Step 1: Read the two reactions.
Experiment I is $\text{X(g)} \rightleftharpoons 2\text{Y(g)}$ and Experiment II is $\text{X(g)} \rightleftharpoons \text{Z(g)}$. Both run at fixed temperature and volume, so partial pressures behave like amounts. We want how the reactant pressure changes as the product pressure changes.
Step 2: Track Experiment II first.
In $\text{X} \rightleftharpoons \text{Z}$, every unit of X that disappears makes exactly one unit of Z. So if $p_Z$ rises by some amount, $p_X$ falls by the same amount. That gives a straight line with slope $-1$.
Step 3: Write Experiment II as an equation.
If $p_0$ is the starting pressure of X, then at any time $p_X + p_Z = p_0$, so $p_X = p_0 - p_Z$. This is a straight line of slope minus one when we plot $p_X$ against $p_Z$.

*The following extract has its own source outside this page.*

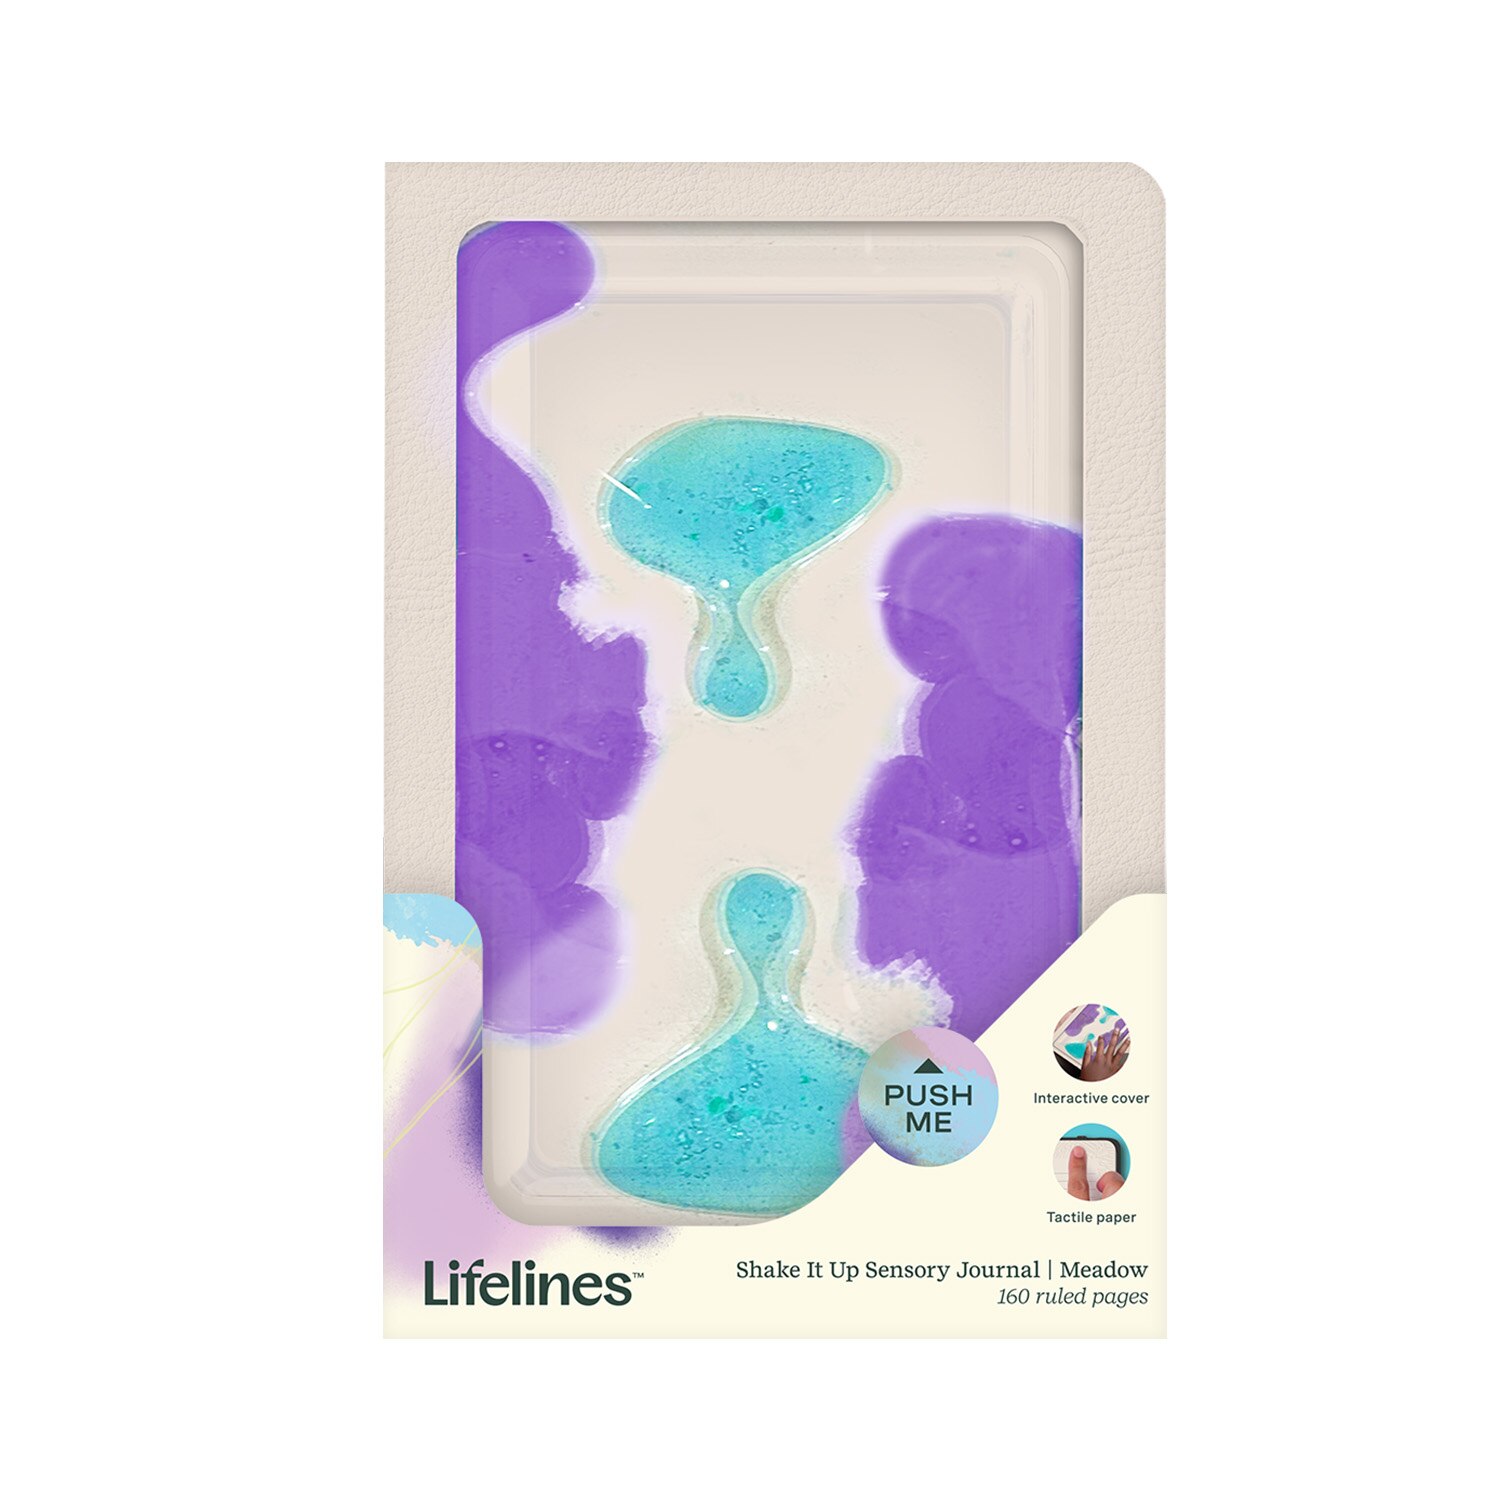 Lifelines "Shake It Up" Sensory Journal - with Tactile Cover & Embossed Paper - Purple Blue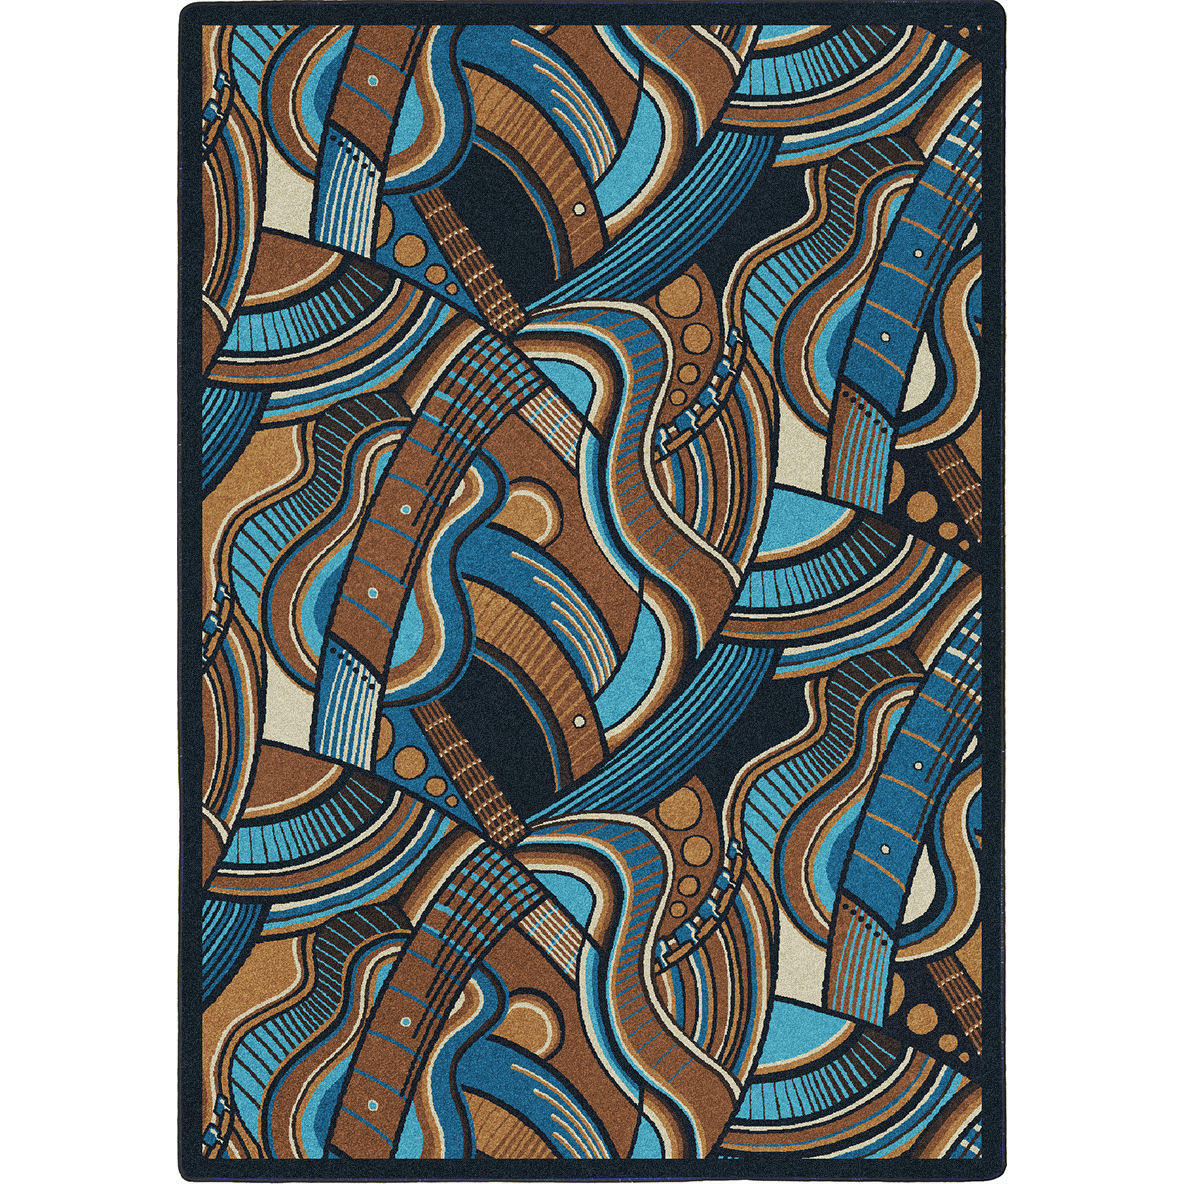 46-Inch by 64-Inch by 0.36-Inch Dark Army Joy Carpets Kaleidoscope Funky Camo Whimsical Area Rugs

Step 4: Track Experiment I.
In $\text{X} \rightleftharpoons 2\text{Y}$, one unit of X that reacts produces two units of Y. So for every unit of Y formed, only half a unit of X is lost. That means $p_X$ falls only half as fast as $p_Y$ rises.
Step 5: Write Experiment I as an equation.
Here $p_X = p_0 - \tfrac{1}{2}p_Y$, which is again a straight line but with a gentler slope of $-\tfrac{1}{2}$. So Experiment I is a line less steep than Experiment II.
Step 6: Pick the matching plot.
So both plots are straight lines starting at the same reactant pressure, with Experiment II steeper (slope $-1$) and Experiment I gentler (slope $-\tfrac{1}{2}$). The option showing these two straight lines with those slopes is correct, which is option A.
\[ \boxed{\text{Two straight lines: slope } -1 \text{ for II and } -\tfrac{1}{2} \text{ for I (option A)}} \]